Джесси застонала и открыла таза. Она не имела ни малейшего представления о том, как долго спала, и радиочасы на стенке, ввергнутые в собственный ад вечных повторов (12 – 12 – 12 – пульсировали цифры в темноте, словно время навеки остановилось на двенадцати), не могли помочь ей. Все, что она знала. – это то, что на дворе ночь и луна светит уже не через восточное окно, а с юга.
Теперь ее руки горели от уколов бесчисленных иголок. Обычно ее страшили такие ощущения, но не сейчас: они были в тысячу раз лучше, чем те боли в омертвевших мышцах, которых она ожидала по пробуждении со связанными руками. Через секунду она заметила темное влажное пятно на простыне под ногами и поняла, что тело само позаботилось о своих потребностях, пока она спала.
Она сжала пальцы в кулаки, преодолевая боль, и стала медленно двигать запястьями.
«Это боль от наручников, – подумала она. – Некого винить, кроме себя, милая».
Пес снова начал лаять. Его пронзительный лай болью отдавался в ушах, и Джесси осознала, что именно эти звуки разбудили ее. Лай доносился издалека. Она была рада, что пес покинул дом, хотя это было странно. Возможно, ему было неуютно под крышей после столь долгого пребывания в лесу. Ей показалось, что в этой идее есть смысл.., если вообще тут в чем-то сохранился смысл.
«Соберись с духом, Джесс», – сказала она себе, и ей это в какой-то мере удалось.
Ее смутные мысли вдруг оборвались. Ее глаза, которые блуждали бесцельно по темной комнате, остановились на дальнем углу, где тени раскачиваемых ветром сосен танцевали в лунном свете на стене.
Там стоял человек.
Ее охватил такой ужас, которого она никогда не испытывала в жизни. Ужас на миг ослепил рассудок. Она не издала ни звука, мгновенно утратив способность говорить и мыслить. Сознание не угасло, глаза были открыты, однако эта внутренняя пустота и физическая слабость были хуже обморока. И когда мысль попробовала вырваться на поверхность сознания, то сразу же была поглощена новой темной волной парализующего страха.
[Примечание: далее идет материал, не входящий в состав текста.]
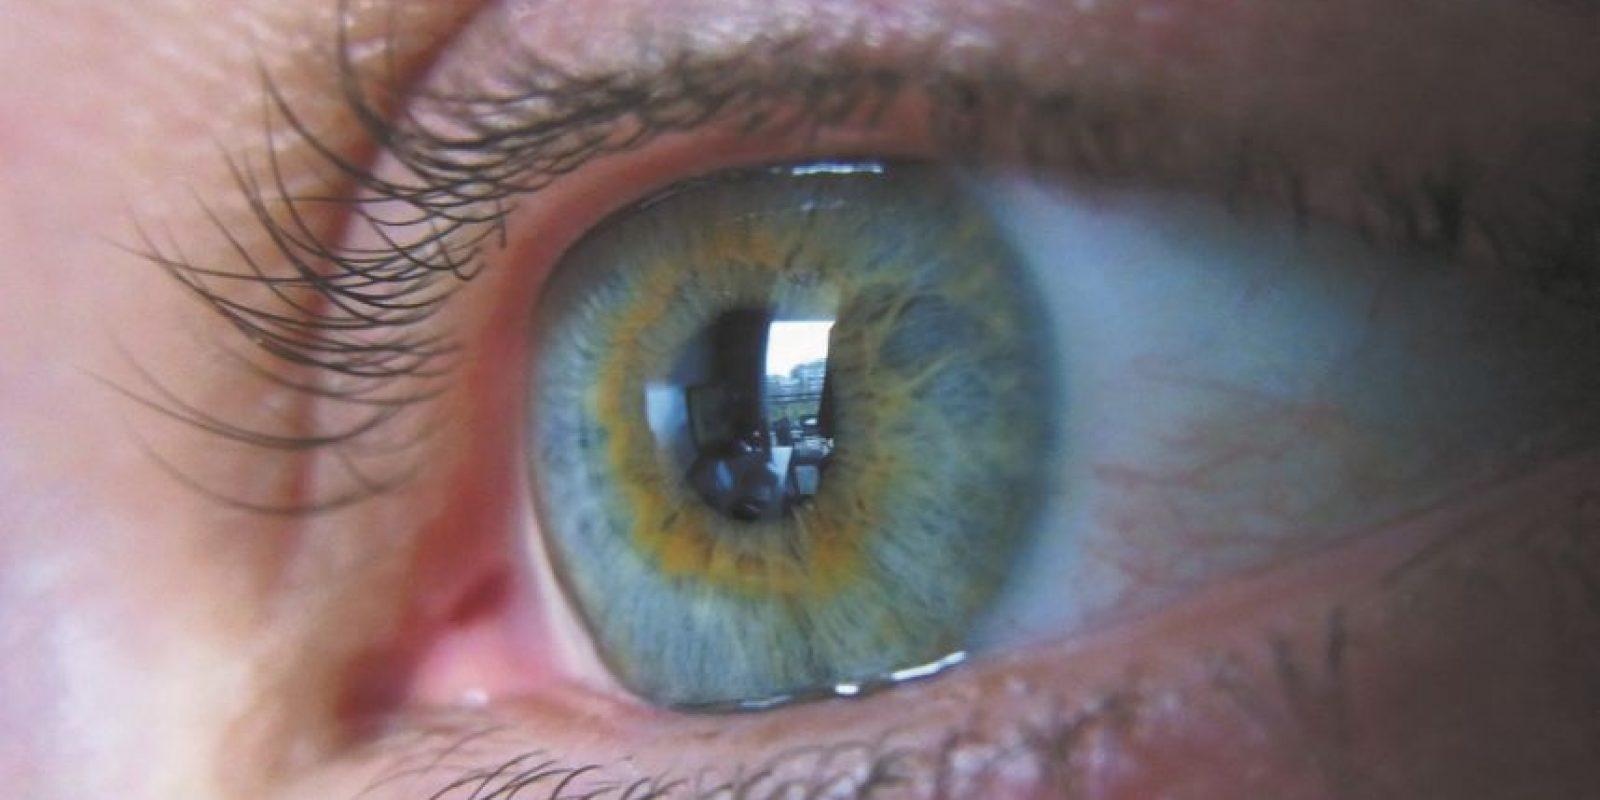 1- Alteraciones visuales agudas. La visión borrosa o ceguera de instalación súbita, en uno o ambos ojos, son síntomas de esta enfermedad autoinmune que afecta al sistema nervioso central. Foto:Fuente externa

Человек. Человек в темном углу.
Джесси могла различить его темные глаза, пристально смотревшие на нее. Она видела восковую бледность узких скул и высокого лба, хотя черты лица были смазаны пляшущими тенями. Она различала массивные плечи и висящие по бокам обезьяньи руки с длинными кистями. В длинной треугольной тени от бюро угадывались и ноги…
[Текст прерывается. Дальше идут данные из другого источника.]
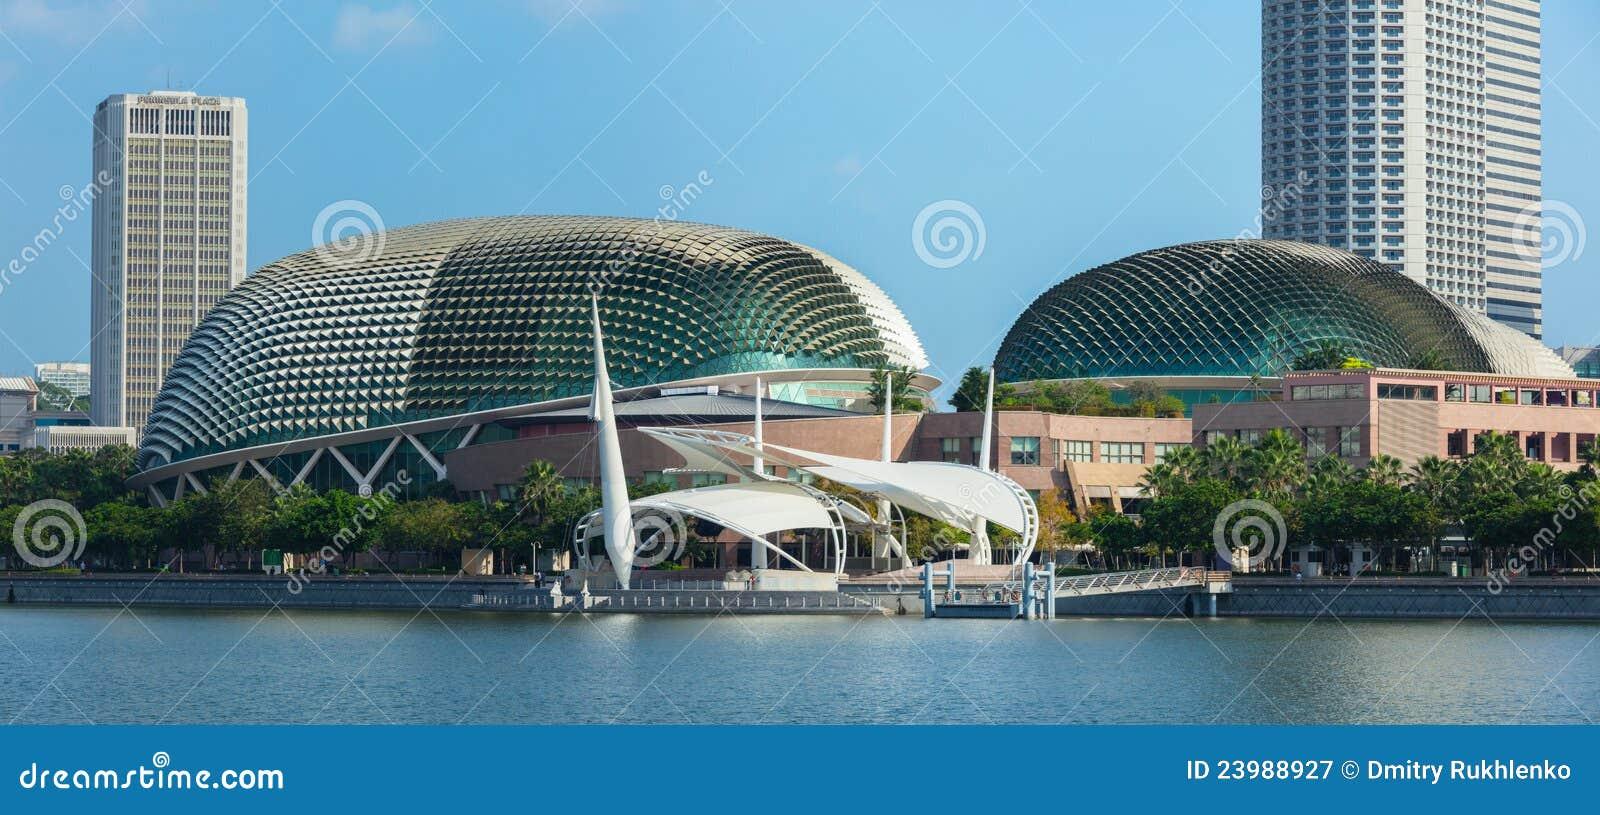 esplanade theatre singapore - photo #39

Джесси не отдавала себе отчета, как долго пролежала в этом жутком полуобмороке, парализованная, хотя и в полном сознании, наподобие мухи в паутине. Казалось, прошло много времени. Секунды шли, а она ощущала себя неспособной даже закрыть глаза, не то чтобы отвести их от пришельца. Потом первый ужас стало вытеснять нечто гораздо худшее: кошмарное, необъяснимое животное отвращение. Джесси позже поняла, что источником этих ощущений – самых отвратительных ощущений в ее жизни, включая и те, от которых она только что мучилась, и чувство, с которым она следила за псом, поедавшим Джералда, – была странная неподвижность существа. Видимо, это существо таилось в углу, пока она спала, и теперь молча наблюдало за ней, скрываясь в тени и глядя на нее этими странными черными глазами, такими большими и неподвижными, что они напоминали глазницы черепа.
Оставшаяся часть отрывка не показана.